What is being asked:
Show all lines below holding the string "Iron".

Records for this exercise:
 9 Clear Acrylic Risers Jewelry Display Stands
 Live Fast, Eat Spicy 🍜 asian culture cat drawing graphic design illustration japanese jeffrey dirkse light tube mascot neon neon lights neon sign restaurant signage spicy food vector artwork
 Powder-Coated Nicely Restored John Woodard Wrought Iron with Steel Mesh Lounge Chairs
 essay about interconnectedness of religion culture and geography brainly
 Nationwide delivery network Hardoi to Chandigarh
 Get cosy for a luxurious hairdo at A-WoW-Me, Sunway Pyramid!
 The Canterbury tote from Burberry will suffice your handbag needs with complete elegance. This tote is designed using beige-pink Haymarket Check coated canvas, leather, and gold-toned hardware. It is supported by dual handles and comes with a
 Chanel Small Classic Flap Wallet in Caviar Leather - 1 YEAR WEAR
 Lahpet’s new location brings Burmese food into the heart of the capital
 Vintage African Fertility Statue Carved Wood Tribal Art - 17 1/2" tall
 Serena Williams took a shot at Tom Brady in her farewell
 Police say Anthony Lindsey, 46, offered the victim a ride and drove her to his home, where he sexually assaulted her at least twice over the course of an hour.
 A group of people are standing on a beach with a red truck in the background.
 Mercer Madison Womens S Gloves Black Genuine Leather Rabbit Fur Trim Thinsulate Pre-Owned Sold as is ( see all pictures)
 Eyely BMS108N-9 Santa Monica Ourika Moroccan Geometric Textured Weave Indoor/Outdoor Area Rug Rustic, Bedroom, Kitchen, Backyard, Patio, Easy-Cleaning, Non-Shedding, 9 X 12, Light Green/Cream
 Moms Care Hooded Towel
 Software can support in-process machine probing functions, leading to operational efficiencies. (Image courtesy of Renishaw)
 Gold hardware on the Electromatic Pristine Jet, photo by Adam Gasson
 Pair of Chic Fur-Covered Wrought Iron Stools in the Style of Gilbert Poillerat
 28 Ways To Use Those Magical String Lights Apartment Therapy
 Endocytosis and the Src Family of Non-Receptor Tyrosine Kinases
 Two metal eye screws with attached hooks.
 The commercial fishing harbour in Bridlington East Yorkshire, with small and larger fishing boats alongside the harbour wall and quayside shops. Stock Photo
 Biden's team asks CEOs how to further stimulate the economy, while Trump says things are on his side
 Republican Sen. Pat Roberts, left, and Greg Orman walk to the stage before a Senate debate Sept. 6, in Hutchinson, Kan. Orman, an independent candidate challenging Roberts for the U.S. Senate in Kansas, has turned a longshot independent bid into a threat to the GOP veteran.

Answer area:
 Powder-Coated Nicely Restored John Woodard Wrought Iron with Steel Mesh Lounge Chairs
 Pair of Chic Fur-Covered Wrought Iron Stools in the Style of Gilbert Poillerat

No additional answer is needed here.